Отец, всегда живший в доме барином и удерживавший детей на должной почтительной по отношению к писателю-почвеннику дистанции, со смертью матери неожиданно сблизился с Катей – до ежевечерних печальных объятий и нежных отеческих поцелуев на сон грядущий. Постепенно поцелуи стали и утренними, и обеденными, и более продолжительными… Объятия оказывались все более тесными, а отцовская рука делала все большую амплитуду, поглаживая дочь…
Катю это начало пугать до такой степени, что она принялась таскать в дом кодлы друзей. Ей хотелось довести отца «до ручки», чтобы он, прямо по ее плану, не выдержал разбойных молодежных набегов на его тишину, на его ухоженную квартиру и его холодильник и снял дочери квартиру.

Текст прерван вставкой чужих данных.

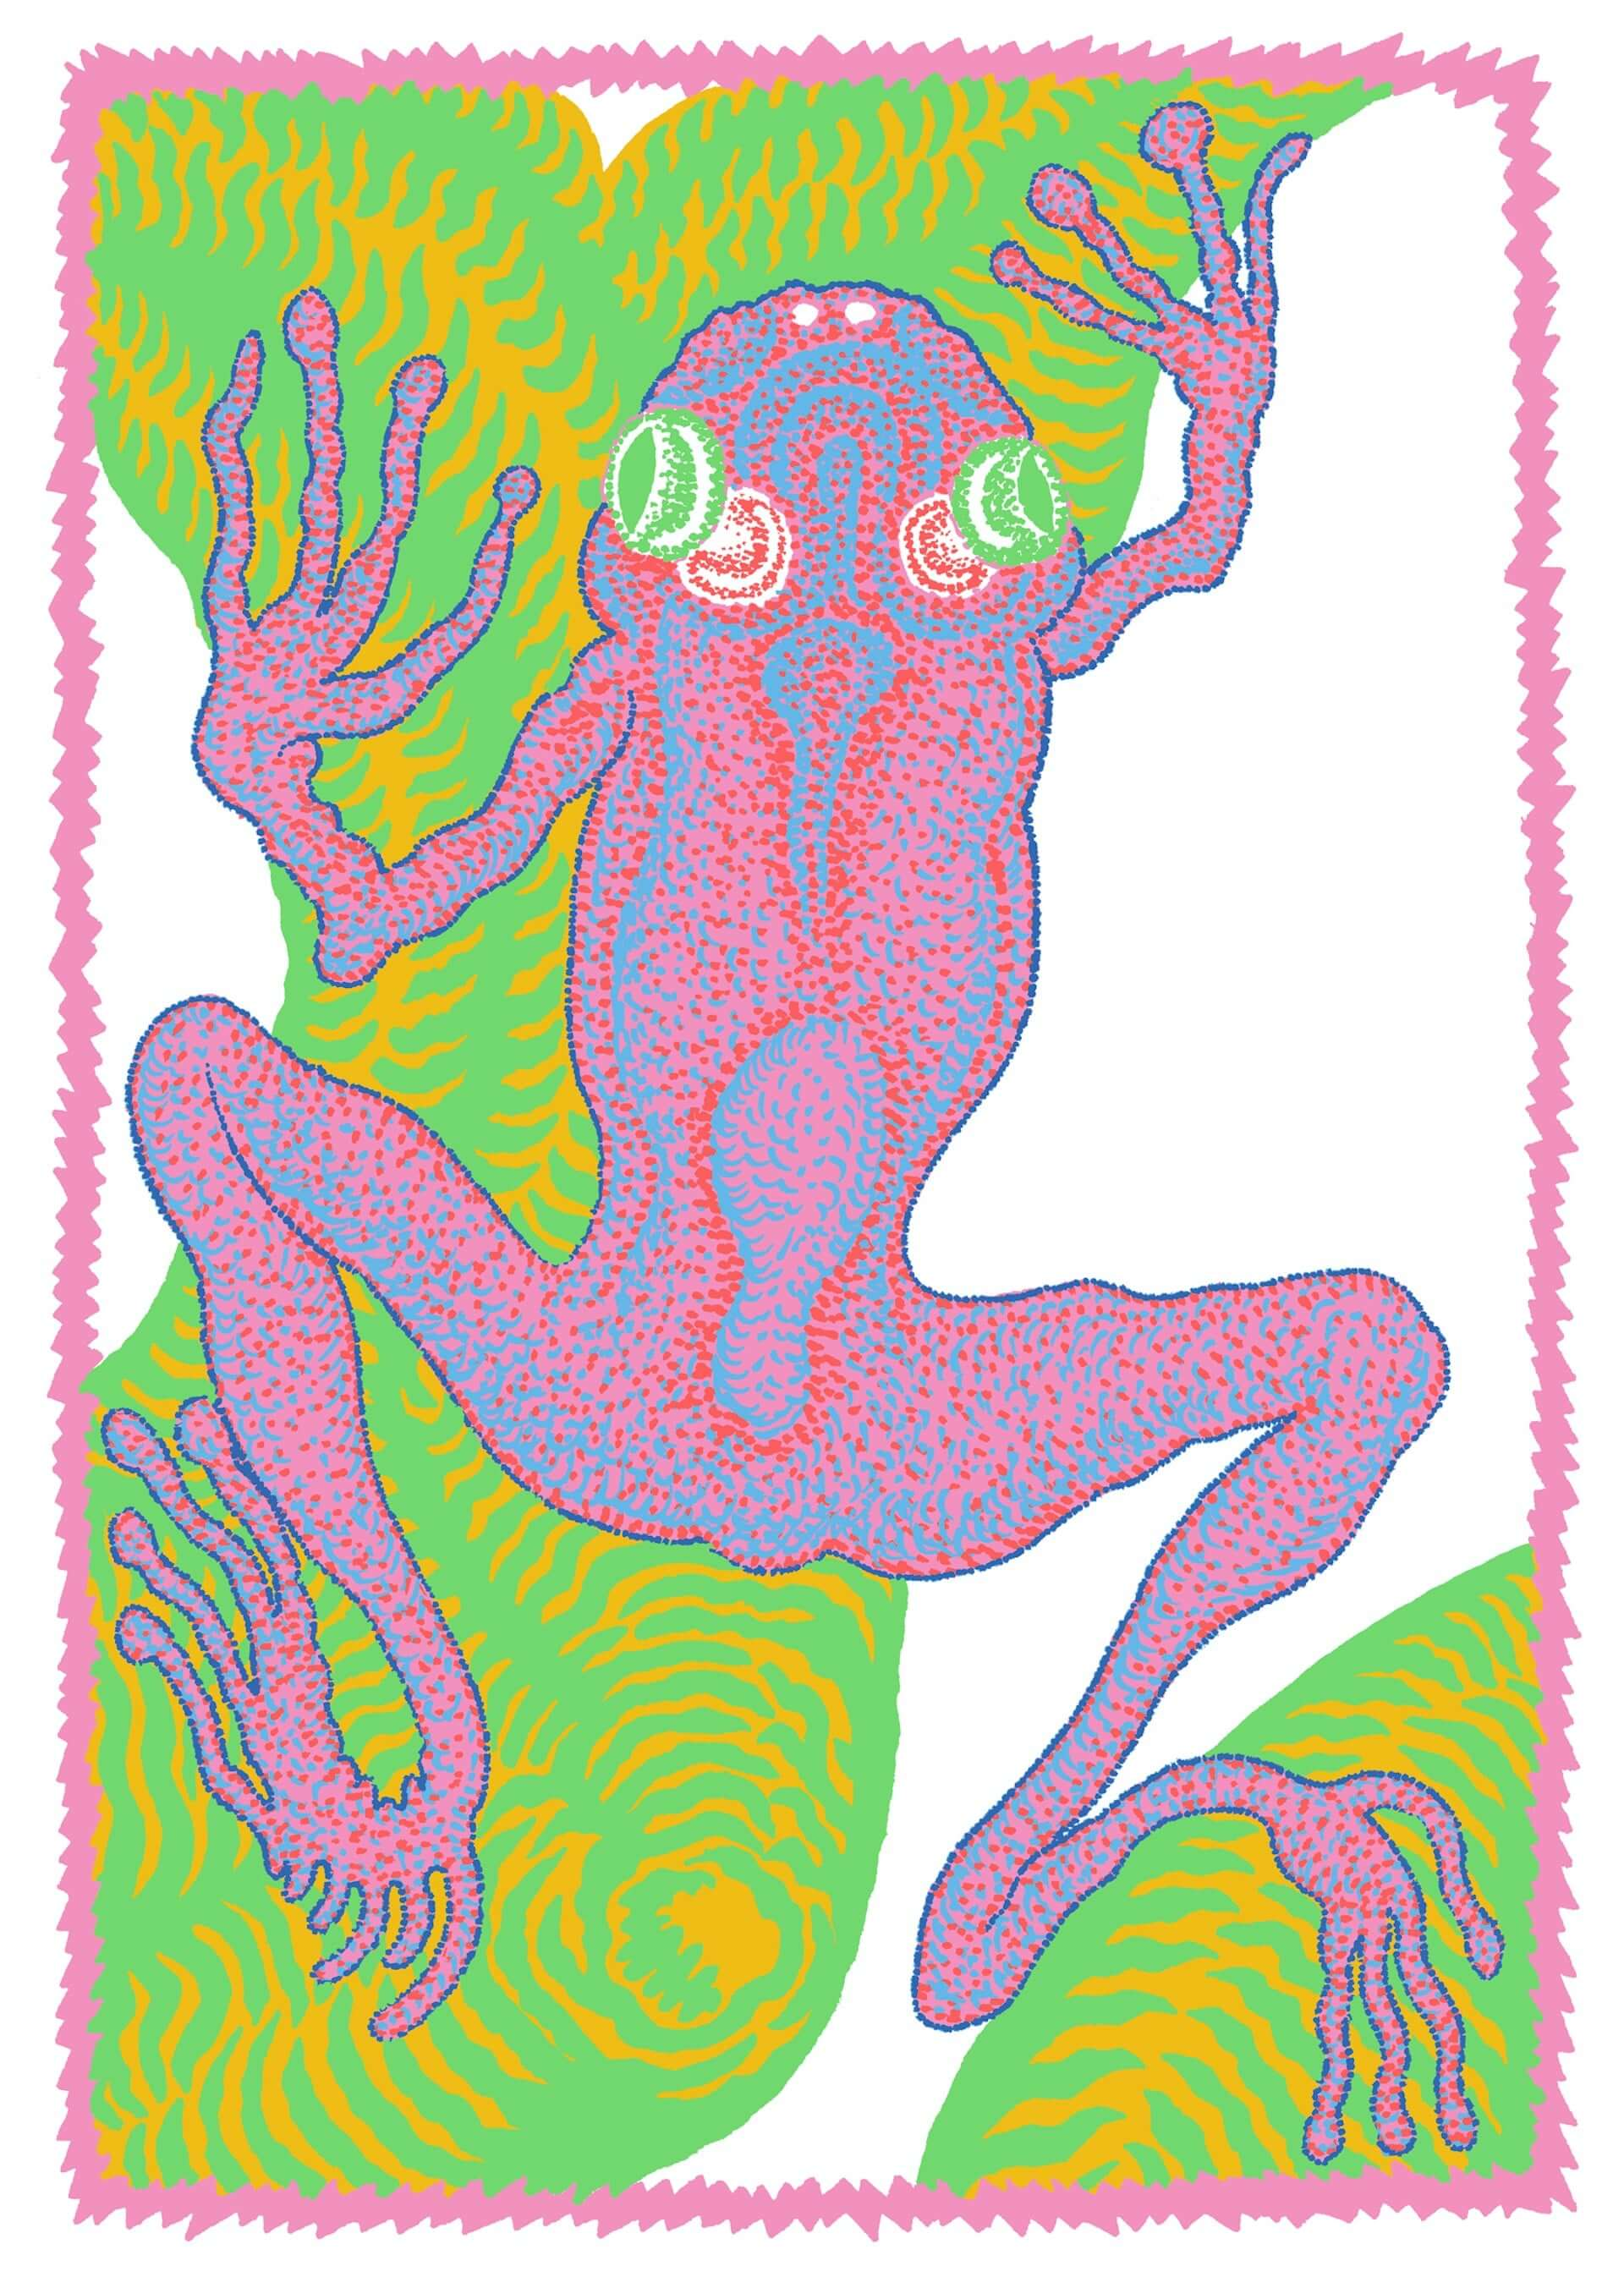 TETSUNORI TAWARAYAのアート展が「RVCA STORE SHIBUYA Gallery」にて開催決定!アーカイブ作品など期間限定で展示 art201125_tetsunori-tawaraya_11-1920x2692

Так оно и случилось однажды: Кате было предложено отселиться. После чего Павел привел в дом дуру-молодуху-мачеху, которую он подхватил из чужих мужских рук где-то на литераторской тусовке. Катя, однако, не простила отцу тех особых долгих взглядов, задерживающихся на ее теле, – именно тогда она пришла к стилю унисекс, как бы желая погасить, спрятать свою женственность и мужской (что хуже – отцовский!) к ней интерес…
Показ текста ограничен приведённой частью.